Thank you :) On the track analysis, it is pretty much as Cas says: as I'm currently doing it, the race strength analysis abstracts away all information about tracks, cars, racing lines and so forth. There might be ways to incorporate at least a little of that knowledge -- as an off-the-cuff example, a plausible experiment would be twisting the Elo parameters so that, say, powergear or IMSA races have extra influence over the ratings. Still, in general it can be a challenge to define such variables in a way that isn't too subjective and then to quantify them in an effective way. Even something as intuitive as the notion of track difficulty can be tricky to translate to a race analysis context. For instance, ZCT086 (http://zak.stunts.hu/tracks/ZCT086) is one of the simplest tracks ever raced in ZakStunts, and yet this very simplicity made figuring out places where tenths could be gained a challenge of its own, resulting in a pretty hard race with some very strong replays.

Quote from: Cas on December 28, 2020, 06:42:06 AM
My feeling is that we should start by analysing the fluctuations in the performance of a pipsqueak through time and do the same with other pipsqueaks and try to figure out structures like the ones I described that really are my guesses, my feelings. It'd be good to see how true or not they are and if there are others instead. With that knowledge, we could begin to analyse a race in a different way: knowing that each pipsqueak participating in it is not just a pipsqueak, but a pipsqueak at a certain point of its evolution, with that point added as a parameter.
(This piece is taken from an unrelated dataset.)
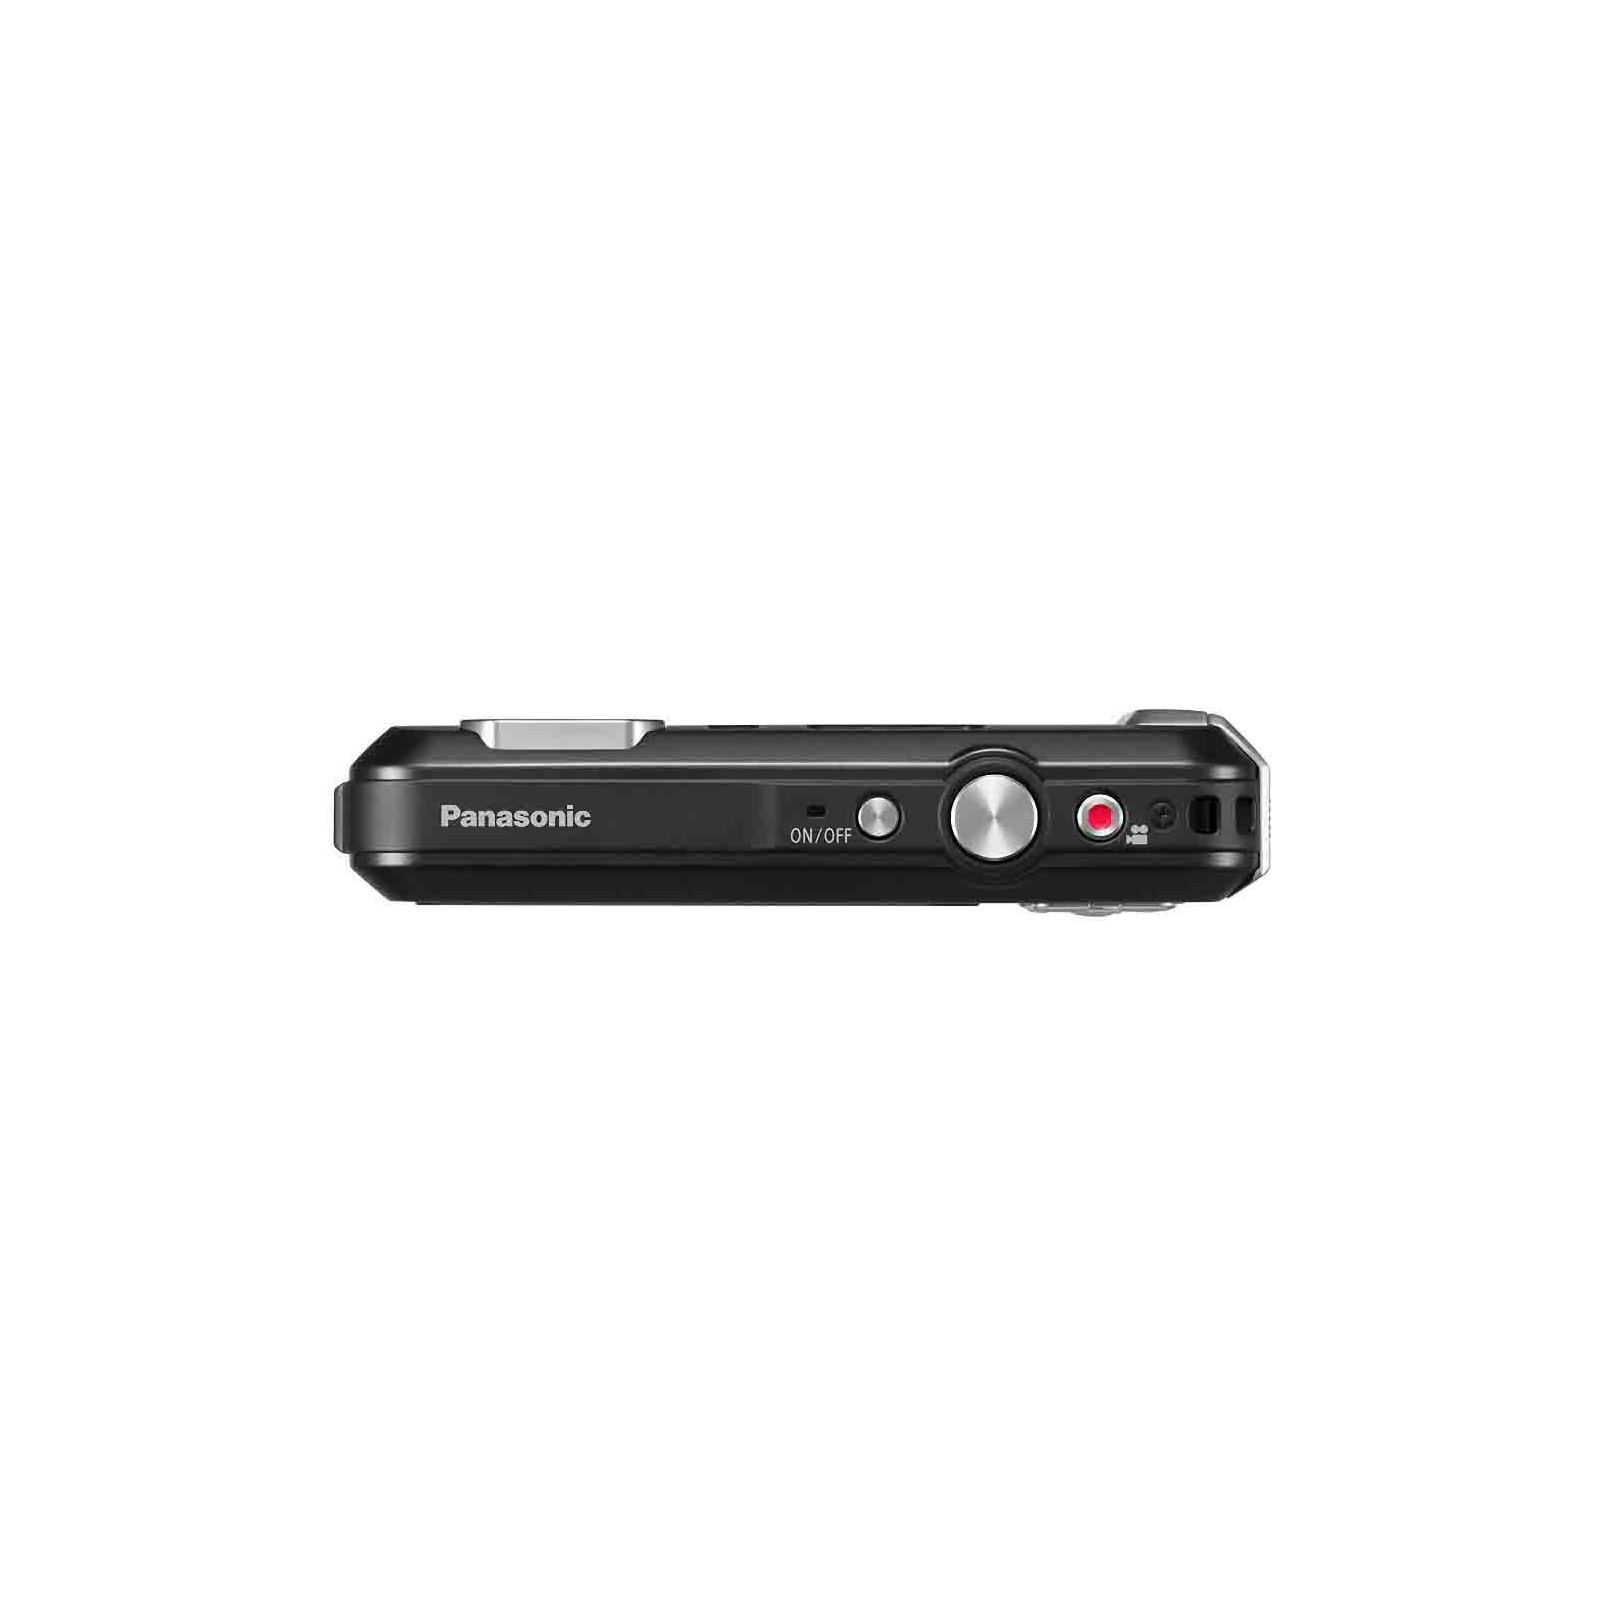 Цифровой фотоаппарат Panasonic DMC-FT30EE-K Black (DMC-FT30EE-K) изображение 5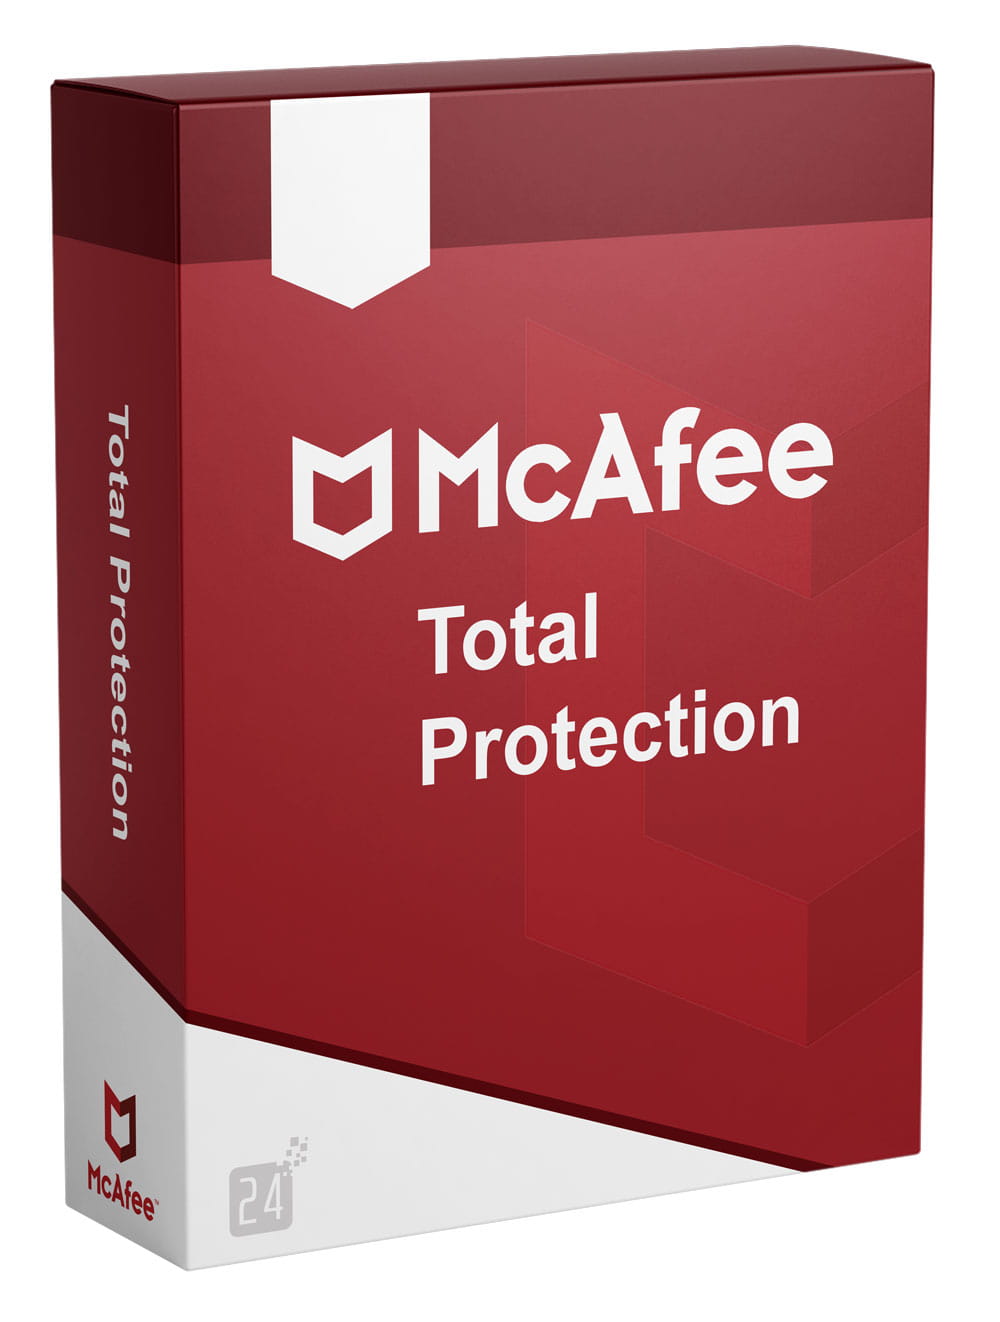 McAfee Protecção Total

I, for one, will try to keep an eye on that sort of thing when I look at the data. (While I didn't say much about the ratings in the opening post here, the program can do a quite a few things with the data already, including extracting the rating history of a selected pipsqueak.)

(On the topic of uncertainity, it is worth mentioning that there are more sophisticated systems that try to keep track of them, so that, for instance, pipsqueaks that took part in a lot of recent pipsqueaks are given more stable ratings, on the grounds of uncertainty being presumably reduced by activity. I briefly tried Glicko, which is one of those systems, back in May, but either I didn't figure out how to tune its configuration parameters correctly or the quirks of the ZakStunts dataset -- the free-for-all problem I mentioned earlier, the relatively low number of events per year, the fluctuations in pipsqueak activity -- make it hard to effectively calculate uncertainties for that purpose.)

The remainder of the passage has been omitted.